Rather than accept the rulings, the worker made a chilling threat: he would burn down the Commission building with the presiding member still inside.


A provisional apprehended violence order (AVO) was issued to protect the member. The High Court later dismissed the worker’s challenges as an “abuse of process”, making it clear that threats of violence are no substitute for legal argument.


Violence as a Tactic: Not Just One Case

While this Oracle case stands out for its extremity, the tactic of threats and intimidation is sadly not unique. Recent investigations into the CFMEU’s operations across Victoria, New South Wales and Queensland paint a disturbing picture:


  • A cycle of lawlessness: Violence was described as “an accepted part of the culture” where intimidation replaced negotiation.

  • Ties to organised crime: Outlaw motorcycle gangs and underworld figures were found to have infiltrated union delegate ranks, leveraging fear to control outcomes.

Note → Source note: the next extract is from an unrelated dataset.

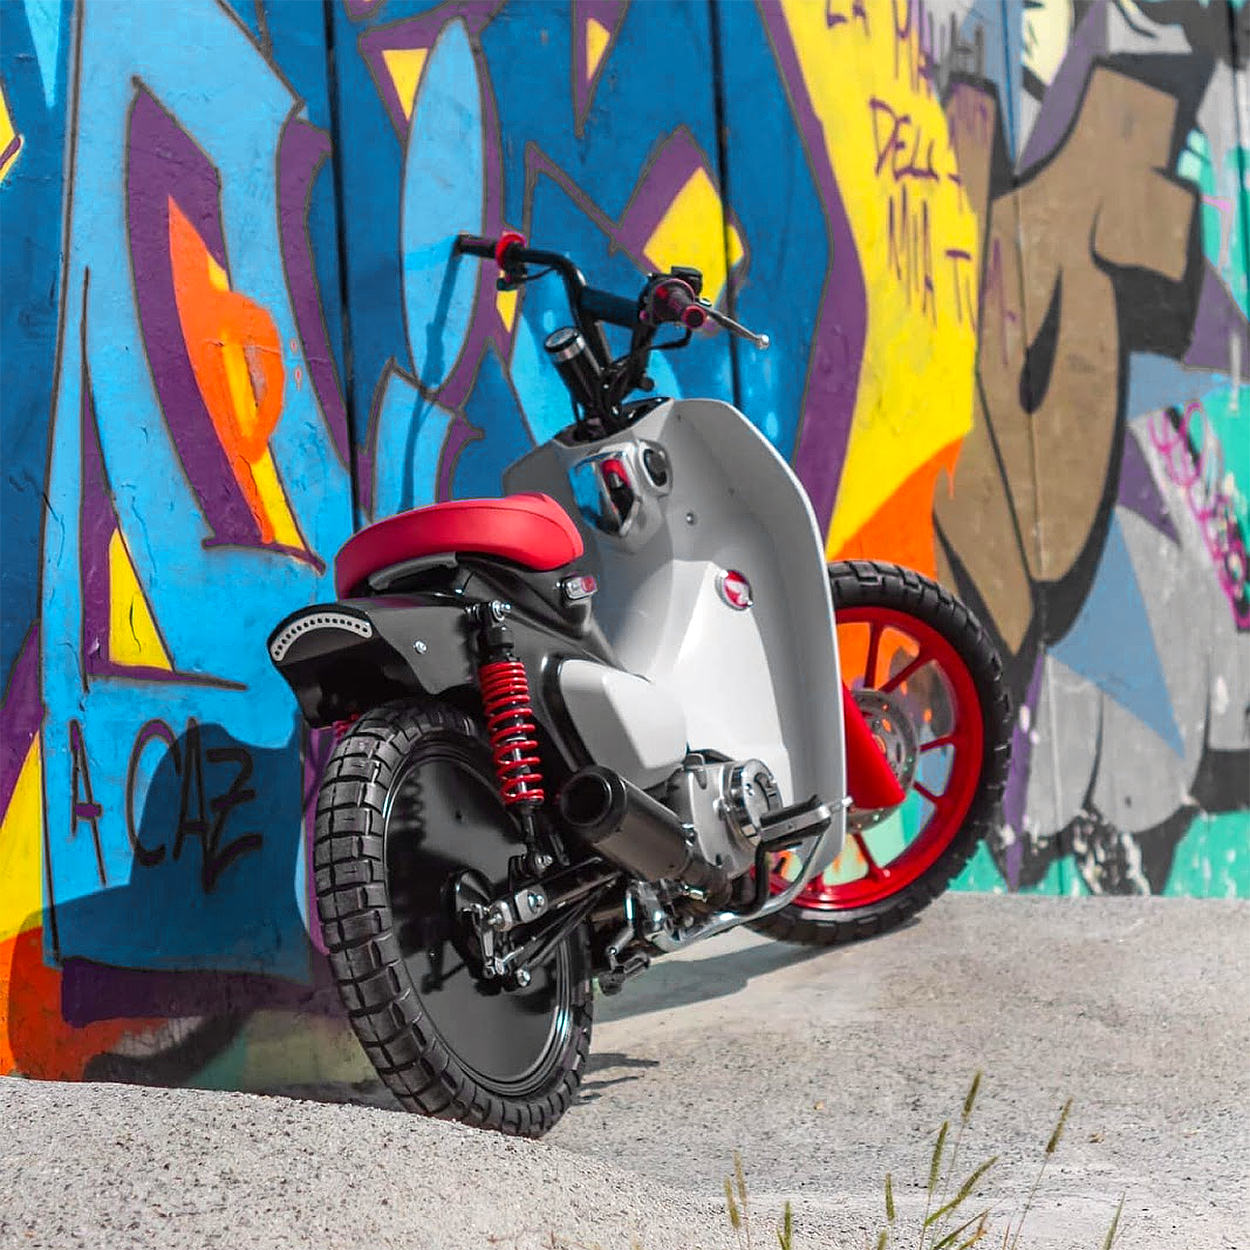 Custom Honda Super Cub by Greaser Garage

  • Targeting opponents: In Queensland, union officials threatened not just rival unions and contractors, but women and children, with one case involving an official barking at a female safety officer and calling her a “c--- dog”.

  • Abuse of process: The CFMEU has racked up more than 2,600 convictions and $28 million in fines over two decades, with judges noting fines were treated as a mere cost of doing business.

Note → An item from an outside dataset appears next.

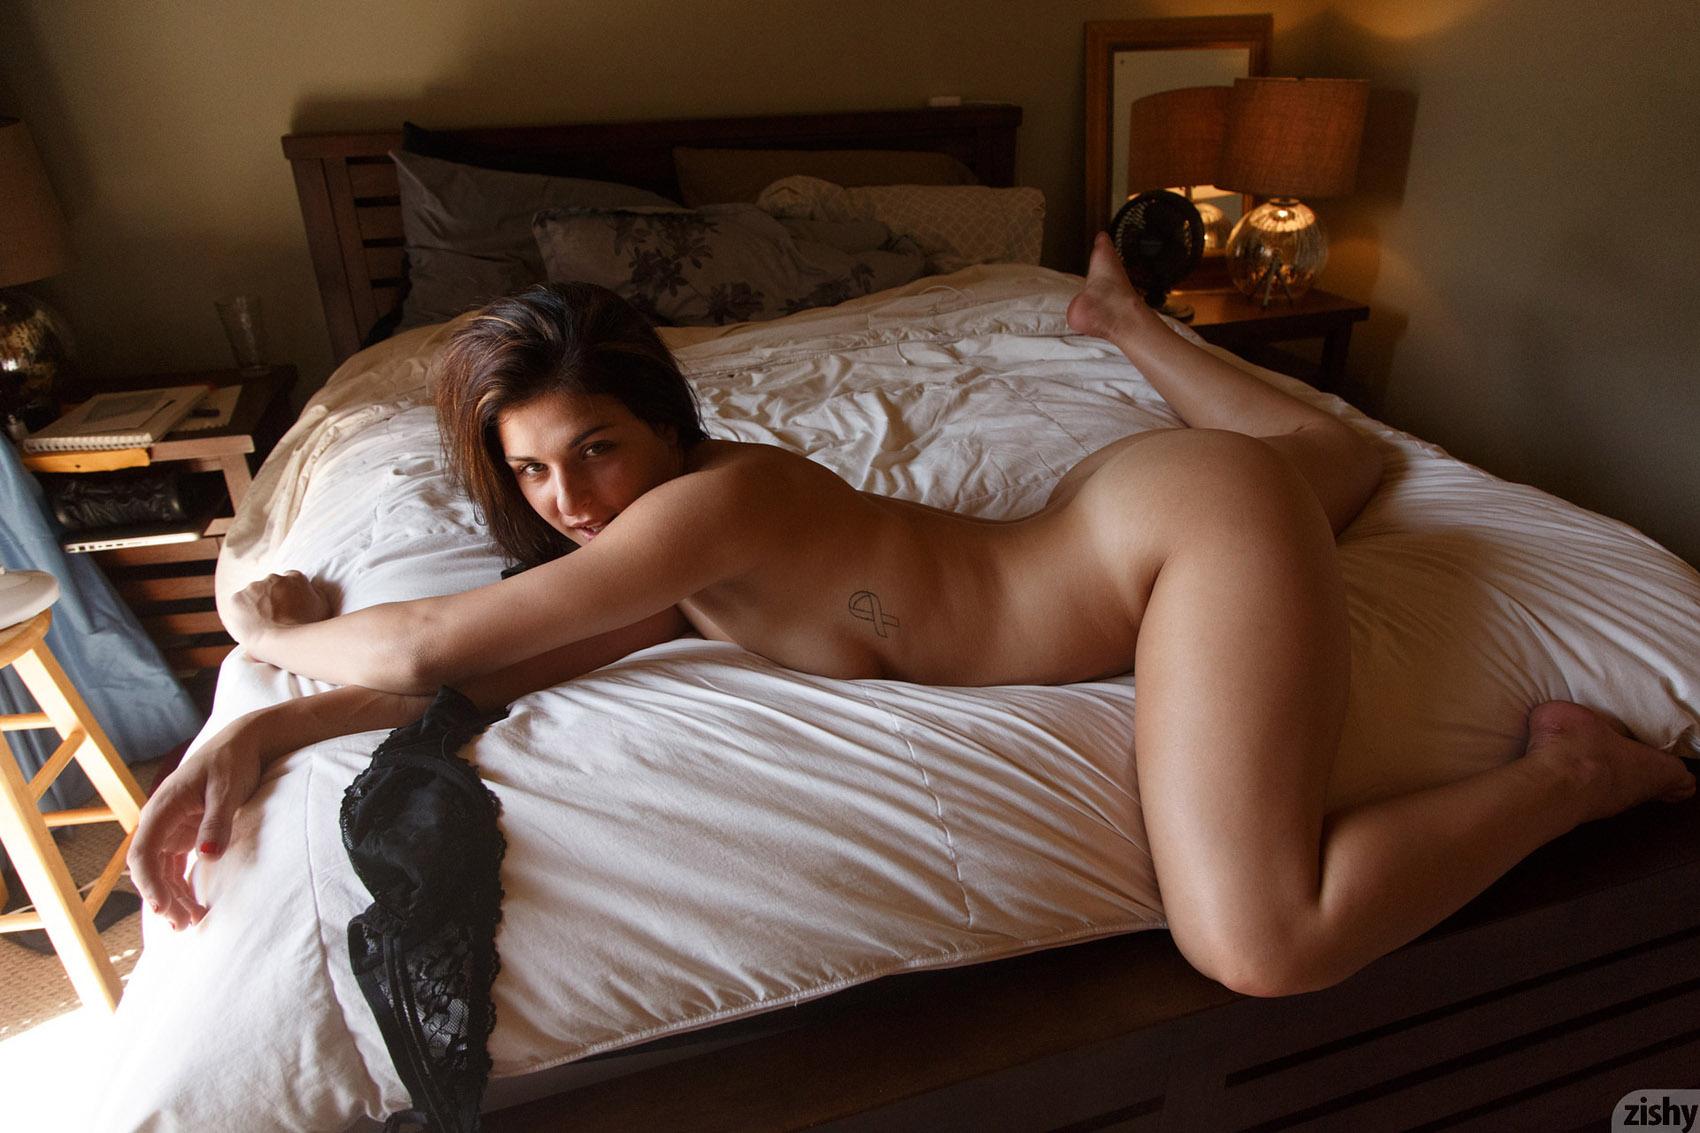 Bedroom girl nude homemade

The parallel with the Oracle worker is stark. When people use violence or threats instead of arguments and evidence, they are not engaging with the system—they are undermining it.


The Broader Danger: Poisoning Workplace Justice

What connects the Oracle case and the CFMEU investigations is not just the misconduct itself, but the damage it causes to everyone else.


  • Eroding safety: Commission members, court staff, inspectors, and rival unionists have faced abuse and even death threats. No one should fear for their lives simply for carrying out their duties.

  • Wasting resources: Repeated, baseless claims—whether from one disgruntled worker or a powerful union—drain the system, delaying justice for others with genuine disputes.

  • Destroying credibility: The Oracle worker’s threats destroyed any sympathy for his dismissal. Similarly, the CFMEU’s thuggery has damaged not just its own standing but the credibility of the union movement as a whole.


The Line That Cannot Be Crossed

The Fair Work Commission, like all institutions, is imperfect. Workers often feel it favours large employers, and reforms are always debated. But none of that justifies crossing the line into threats or violence.


President Adam Hatcher was right to stress that suppression orders are not a remedy for dissatisfaction. Likewise, the CFMEU administrator has emphasised that intimidation weakens the union and betrays the very workers it claims to represent.


If open justice and fair process are abandoned, workplace disputes risk being settled not by evidence and law, but by who shouts loudest—or who threatens hardest. That is not a system of justice. That is anarchy.


Conclusion: Respecting the System, Demanding Better

The Oracle case and the CFMEU scandals serve as blunt reminders. Workers and unions must respect the rule of law, even when outcomes are disappointing. Anger, threats, and violence are not tools of advocacy—they are weapons of destruction.


The challenge for Australia’s workplace relations future is twofold:


  1. Reform the system to make it more accessible, transparent, and fair, so workers do not feel forced into hopeless battles.

  2. Draw the line firmly against intimidation, ensuring that violence never has a seat at the bargaining table


Only then can the Commission, unions, and employers work together in a way that genuinely protects rights without poisoning the process.